In recent years, many hospitals have been working hard to improve the medical management level and service ability, actively sending medical staff to higher-level hospitals for further study, and will reach trust with higher-level hospitals to provide clinical services and teaching assistance for medical staff in our hospital, such as teaching rounds, surgical guidance, consultation and discussion of difficult cases, professional training, scientific research collaboration, etc. This flow of medical personnel is more conducive to enjoying high-quality medical technology and improving medical technology in lower-level hospitals.

On June 14, the reporter learned from the reply of the Provincial Health Planning Commission that Guangdong will start the personnel sinking plan of the city's tertiary hospitals. Every year, about 2000 health technicians are transferred from tertiary hospitals in the province to work in medical institutions below the county level.

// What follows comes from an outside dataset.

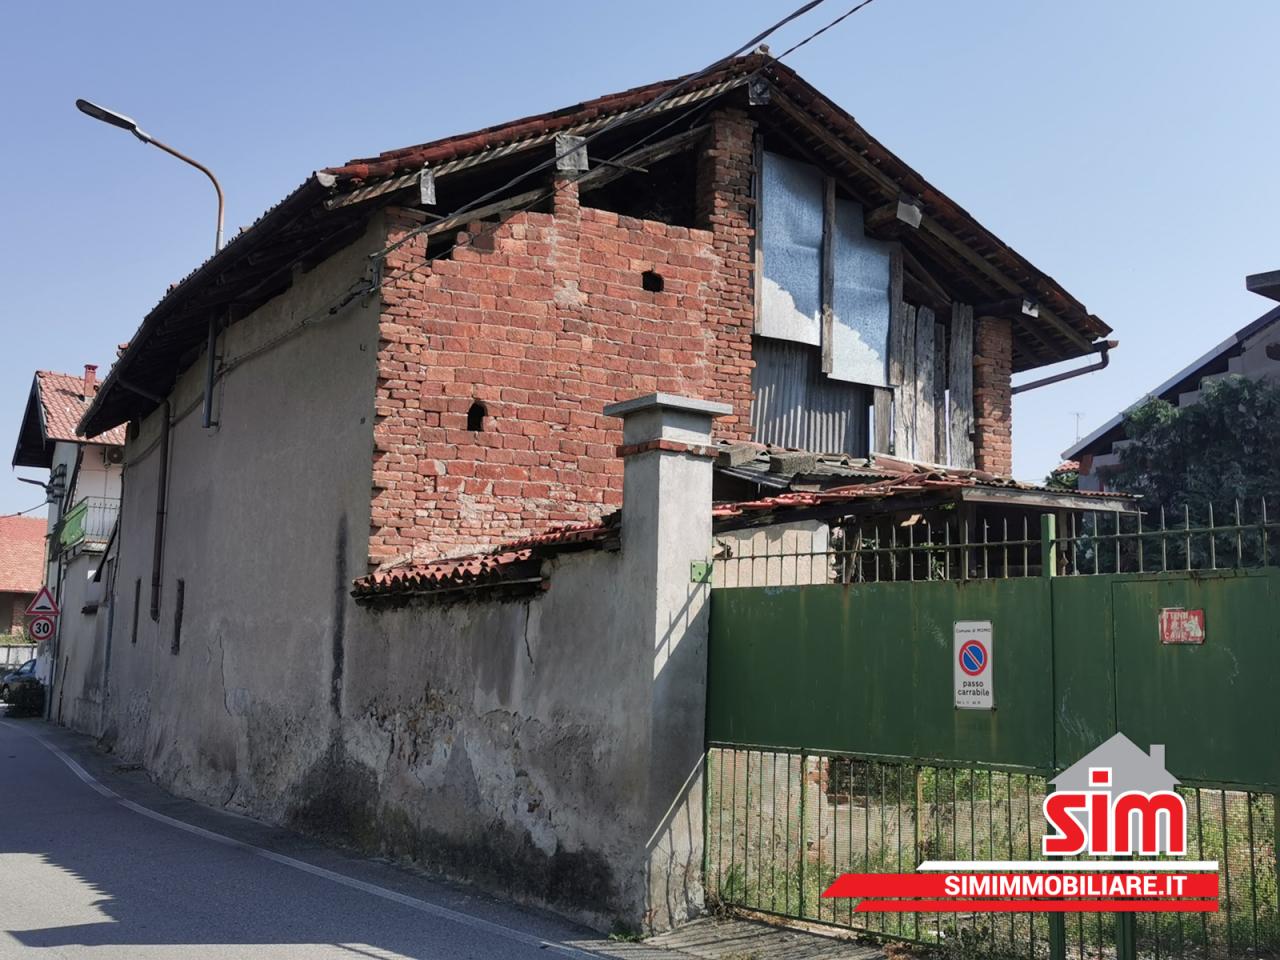 Rustico / Casale in vendita a Momo, 4 locali, prezzo € 40.000   PortaleAgenzieImmobiliari.it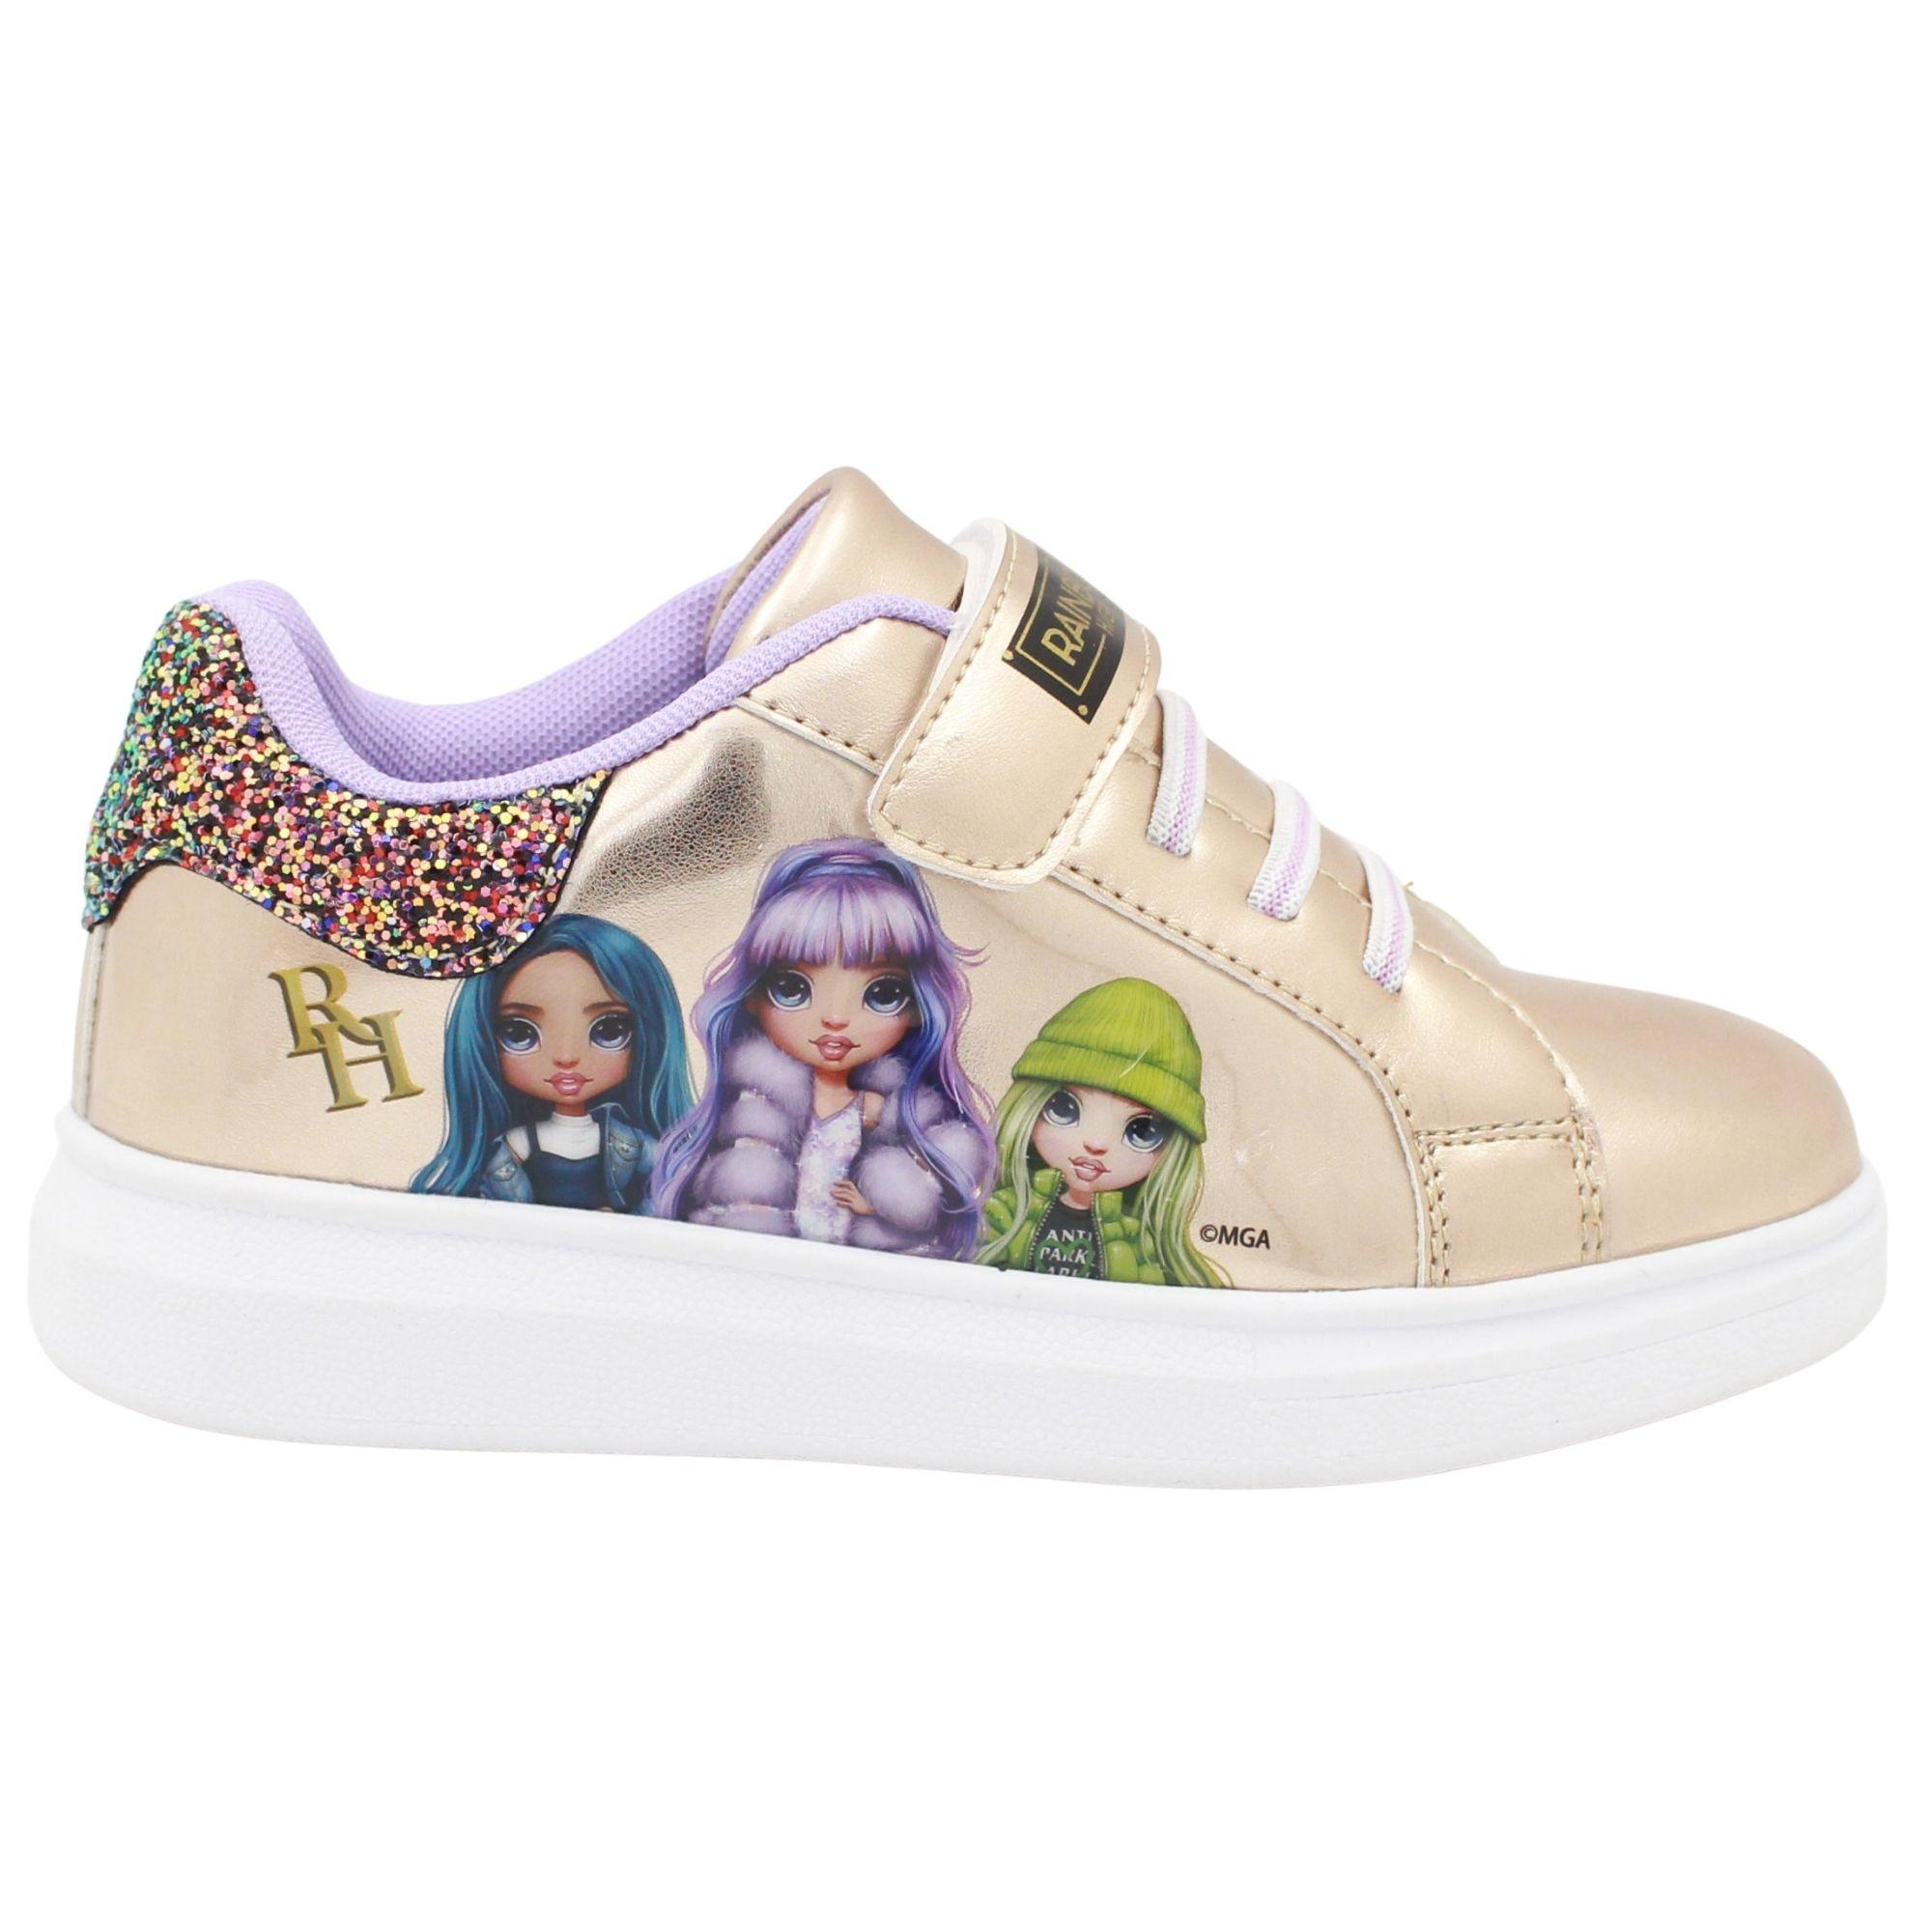 Scarpe Sneakers Rainbow High Platino e Violette Numeri dal 25 al 32 novità Omaggio Due pennarelli

After more than 30 years of reform and opening up, the difference between urban and rural areas has gradually shifted from the level of economic development to the level of public services, such as medical care and education. In particular, the level of medical services, not to mention rural areas, even county towns and prefecture-level cities, is not generally large compared with big cities. The main reason for the low level of primary health care is the shortage of talents. Even with high-quality medical hardware, it is a waste to lack corresponding talents. For example, some films taken by grassroots hospitals are incomprehensible to grassroots doctors, and the diagnosis is very different from that of doctors in top three hospitals in cities. How do grassroots doctors gain the trust of patients?

With the government's attention to primary hospitals, the hardware level of primary hospitals is constantly improving, but it is difficult to improve the level of doctors immediately. Therefore, the grass-roots planning of urban top-three hospitals is correct from the perspective of talent supply. Next, first, the staff of the city's top three hospitals are "sinking", and they should "sink" and "sink" instead of going through formalities and going through the motions. The staff of the city's tertiary hospitals all have their own positions and interests. If they leave their jobs and "sink", there should be a guarantee mechanism, so that their interests will not only be damaged, but also gain additional benefits. Only in this way can they have a "heavy" enthusiasm. Second, "blood transfusion" is more about "hematopoiesis". While the staff of tertiary hospitals in cities are sinking, grassroots doctors should also have the opportunity to "float up"-enter tertiary hospitals in cities for training, get guidance from experts, and improve their medical skills quickly. After all, they are the main force.